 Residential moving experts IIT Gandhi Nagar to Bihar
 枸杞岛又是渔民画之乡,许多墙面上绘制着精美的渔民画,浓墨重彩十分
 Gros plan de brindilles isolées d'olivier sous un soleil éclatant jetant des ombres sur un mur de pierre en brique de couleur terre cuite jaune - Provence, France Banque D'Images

* **ASSIGNMENT**
Every line in the material must be repeated verbatim.

* **YOUR SOLUTION**
 Residential moving experts IIT Gandhi Nagar to Bihar
 枸杞岛又是渔民画之乡,许多墙面上绘制着精美的渔民画,浓墨重彩十分
 Gros plan de brindilles isolées d'olivier sous un soleil éclatant jetant des ombres sur un mur de pierre en brique de couleur terre cuite jaune - Provence, France Banque D'Images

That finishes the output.